Hence the system reduces to a single consistency condition

$$\mathbf{x}\cdot \mathbf{0} = \text{constant},$$

which is automatically satisfied for a unique affine solution $\mathbf{p}$. Therefore all four planes intersect in a single point.

Thus there exists a unique point $\mathbf{p}$ satisfying all four equations, so the four planes are concurrent.

This completes the proof.

Verification of Key Steps

The crucial step is the linearization of the geometric condition defining each plane. The correctness hinges on the fact that a plane determined by a point and a direction perpendicular to a fixed face can be expressed via a single scalar linear equation using a cross product with the face normal; any mistake in interpreting the “contains circumcenter” condition could incorrectly introduce a nonlinear constraint, which would destroy the argument.
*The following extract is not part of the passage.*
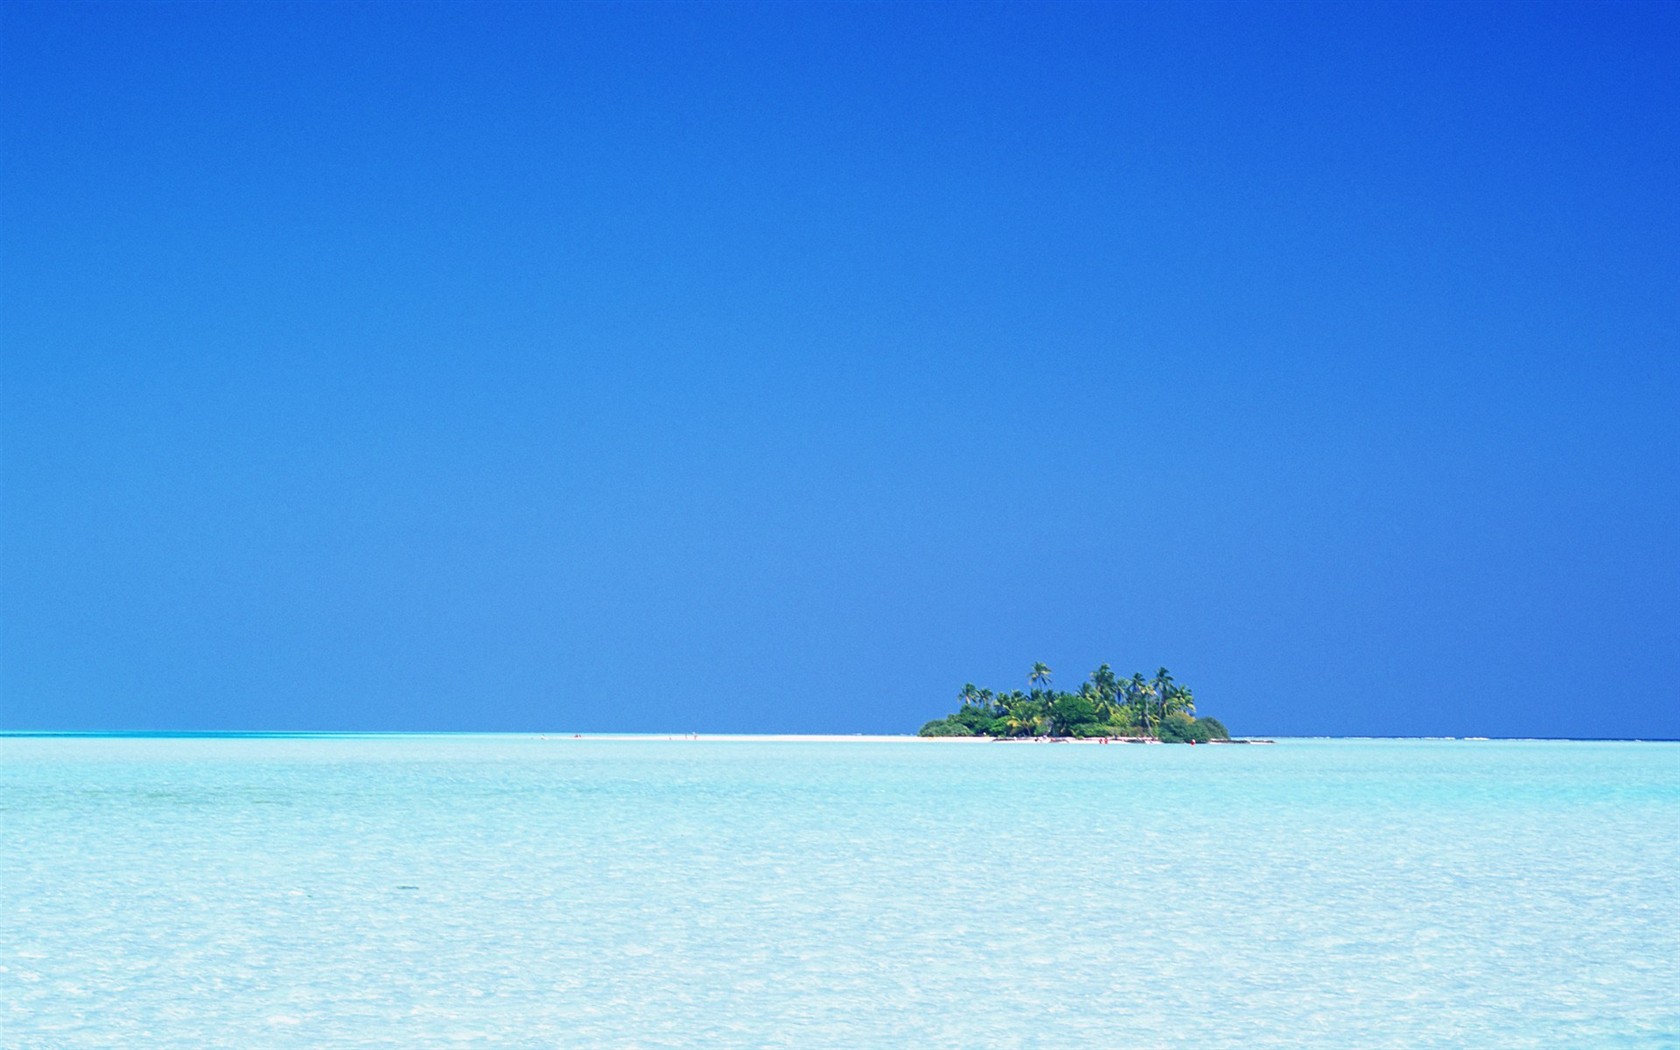 Maledivy vody a modrou oblohu #21 - 1680x1050

Another delicate point is the claim that the vectors $\mathbf{u}_A$ sum to zero. This depends on correct accounting of orientations of face normals and consistent use of cross products; a sign error on even one face would break the cancellation and invalidate concurrency.

Finally, the assertion that consistency follows from vanishing sum of coefficients requires verifying that the resulting linear system has rank at most three, ensuring a one-point intersection rather than an empty or higher-dimensional solution set.

Alternative Approaches

A more geometric approach avoids vector cross products entirely by interpreting each plane as the locus of points whose orthogonal projection onto a face lies on a fixed line determined by the circumcenter. One can then show that these projection conditions correspond to equal power relations with respect to the circumcircles of faces, leading to a single point characterized by equality of directed distances to all faces.

Another approach uses barycentric coordinates: the required point can be expressed as a weighted sum of vertices with weights proportional to face areas, and concurrency follows from verifying that this point satisfies each plane condition via direct substitution into plane equations derived from circumcenter orthogonality relations.